More than 3,400 people have been killed. Tens of thousands of homes have been damaged or destroyed. The Iranian economy, already under severe sanctions pressure before the war, has been battered further. Israel has burned through irreplaceable stocks of munitions and missile interceptors. America has spent what independent analysts estimate at close to a billion dollars a day, while its credibility as a superpower — its ability to deter enemies, reassure allies, and project reliable dominance — has taken the kind of visible damage that does not repair quickly.

The Gulf Arab monarchies, whose entire business model rests on being islands of stability guaranteed by American power, are shaken. Privately, their officials are already speaking about diversifying their allegiances. About learning to live with Iran. China has been watching all of this very carefully, and not without satisfaction.

Donald Trump launched this war on the claim of “imminent threat.” His own former director of national intelligence, Tulsi Gabbard, declined to endorse that claim. The school in Minab, in southern Iran, where American strikes killed more than 120 children — most of them girls under twelve — in the war’s first hours, will not be rebuilt by a memorandum of understanding. The parents of those children will not be consoled by a signing ceremony in Geneva.

Trump’s announcement — “Ships of the World, start your engines. Let the oil flow!” — was presented as a triumph. It was, in fact, a description of fixing the problem his own war had created. The ships were moving in February. He stopped them. He is now claiming credit for starting them again.

That pattern — the announcement as the goal, the substance as an afterthought — is one that has become recognisable. The Board of Peace convened on 19 February. The war began nine days later. The Gaza ceasefire was declared; Gaza remains a humanitarian catastrophe. The Ukraine settlement was promised within 24 hours of inauguration; it has not materialised. Each time, the headline is claimed, and the detail is deferred.

The 60-day nuclear negotiation is the next deferral. Whether it produces something durable or collapses under the weight of its own contradictions depends on too many variables to predict with any confidence: the behaviour of Israeli hardliners, the room for manoeuvre of Iranian technocrats, the attention span of an American president whose enthusiasm for difficult diplomatic detail has not historically been his defining characteristic.

Akram’s concluding thought is the one that lingers. “Everything will change in the aftermath of this conflict,” he said. “The structure of security in the region as a whole — which may not be formally on the table — will require some form in which to address the issues that have arisen between Iran and the Arab states of the Gulf. What would be the future relations between them?”

Nobody knows.
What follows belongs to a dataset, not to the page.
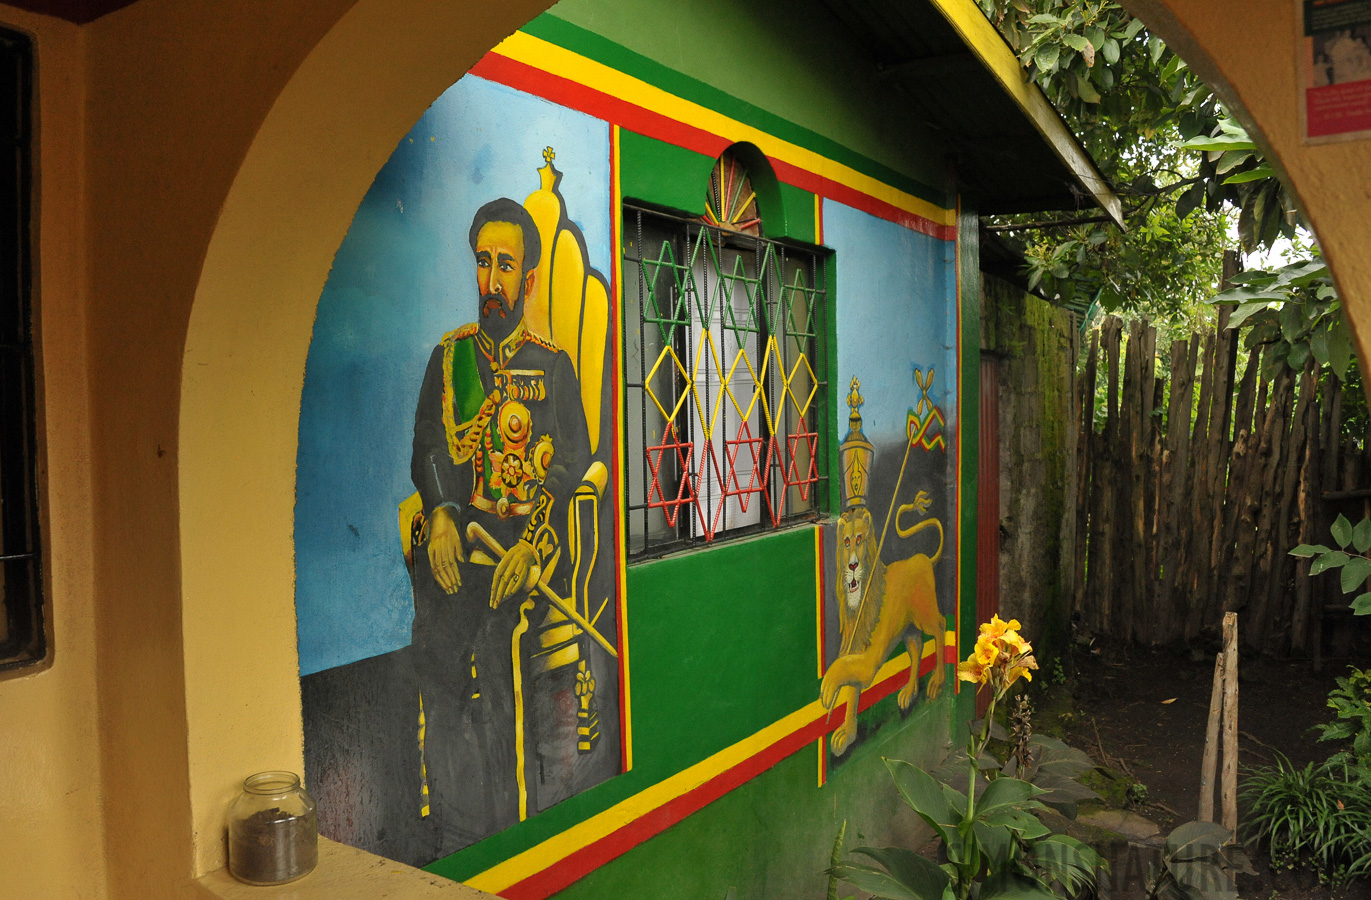 Church of the Rastafari [28 mm, 1/640 sec at f / 8.0, ISO 3200]

And that is, in its way, the most honest summary available of where the world stands on the morning after an unnecessary war has been paused, but not yet ended, by a document whose text remains confidential and whose durability remains entirely to be proved.

The strait is open, for now. The bombs have stopped falling, for now. Friday’s ceremony in Geneva, if it happens, will produce photographs and handshakes and statements of cautious optimism. Then the real work begins.